One such rationale for why Israel would support the invasion of Iraq comes from a little-noticed report at The Institute for Advanced Strategic and Political Studies’ "Study Group on a New Israeli Strategy Toward 2000." Contributors to this paper include Richard Perle, James Colbert, Charles Fairbanks, Jr., Douglas Feith, Robert Loewenberg, David Wurmser, and Meyrav Wurmser participated. These are people who are well-known insiders within the Bush administration. Indeed, Douglas Feith still works for the executive branch.

According to this report, the main objective in strengthening the Israeli economy as well as to ensure Israel's security in the region is to neutralize a perceived threat from Syria. Strangely enoug--at least to someone not knowledgeable about the area--the writers of this report see toppling Saddam Hussein and destabilizing Iraq as a means of eventually destabilizing Syria.

The report says:
Israel can shape its strategic environment, in cooperation with Turkey and Jordan, by weakening, containing, and even rolling back Syria. This effort can focus on removing Saddam Hussein from power in Iraq — an important Israeli strategic objective in its own right — as a means of foiling Syria’s regional ambitions. Jordan has challenged Syria's regional ambitions recently by suggesting the restoration of the Hashemites in Iraq.
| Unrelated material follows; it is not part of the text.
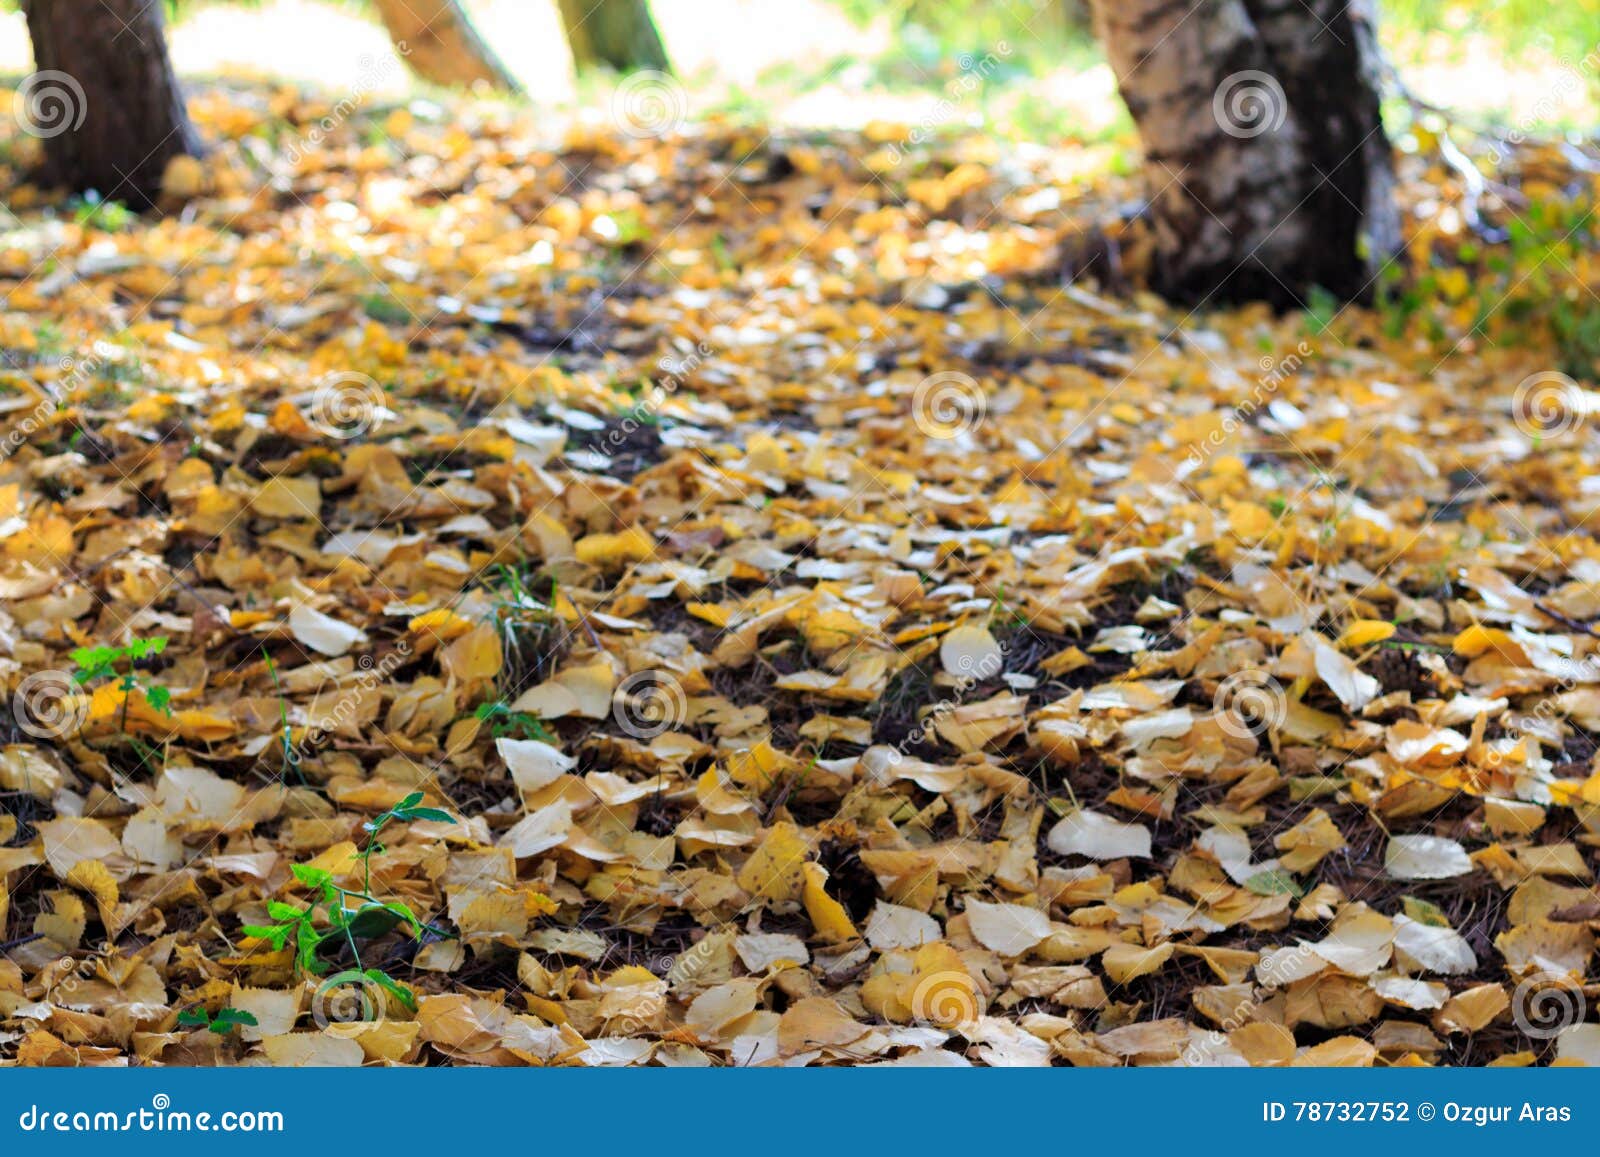 Autumn Season, Alberi E Foglie Di Giallo Fotografia Stock - Immagine di ...

This has triggered a Jordanian-Syrian rivalry to which Asad has responded by stepping up efforts to destabilize the Hashemite Kingdom, including using infiltrations. Syria recently signaled that it and Iran might prefer a weak, but barely surviving Saddam, if only to undermine and humiliate Jordan in its efforts to remove Saddam. [my emphasis]
At the least, these comments show how the Iraq war might benefit Israel's interests in the mideast. That key members of the Bush admin.'s team in developing strategy for the war included Perle and Feith speaks adequately to the potential for these concerns to have formed an element in that strategy. Pres. Bush's recent comments about how the war benefits Israel only bolster that point.

What these comments do not prove is that the Israeli govt. played a role in the decision-making process leading up to the war. Certainly, there are reports that Israel--at the least--knew details of the attack that probably even those in Congress did not know. On the other hand, there are indications that the progress of the war and its resulting chaos soured some members of the Israeli govt. to the efficacy of it. These concerns, however, only point to the mismanagement of the war, not to any disagreement within the Israeli govt. with the overall decision to instigate war in the region.

One last point to note comes in the article that reports Pres. Bush's comments about how the war benefits Israel. Much of the recent rhetoric generated by the White House and the Pentagon is that the war in Iraq will promote peace in the region by introducing "democracy." Strangely enough, some Israeli decision-makers see this very possibility as a threat and not a boon to their interests there.

According to the Forward newspaper article cited above:
"I am skeptical when it comes to the supposition that democracy is a panacea. Not all democracies are good," said General Shlomo Brom, former chief of the Israeli army's strategic planning division. "What about a democracy in Egypt — let's say — which is governed by the Muslim Brotherhood? Would Egypt then have better relations with Israel than under Mubarak's regime?"
In hearing such comments, the Bush admin. must feel as though it is caught in a catch-22--you're damned if you do, damned if you don't.

While the US public of various political persuasions see democracy as a "panacea," an assumption that seems to go with the ideology of Americansim, Israel sees its own interests in the mideast as not promoting democracy per se but in maintaining control--even if this control were to include unjust regimes and oppressive governments that persecute their own people.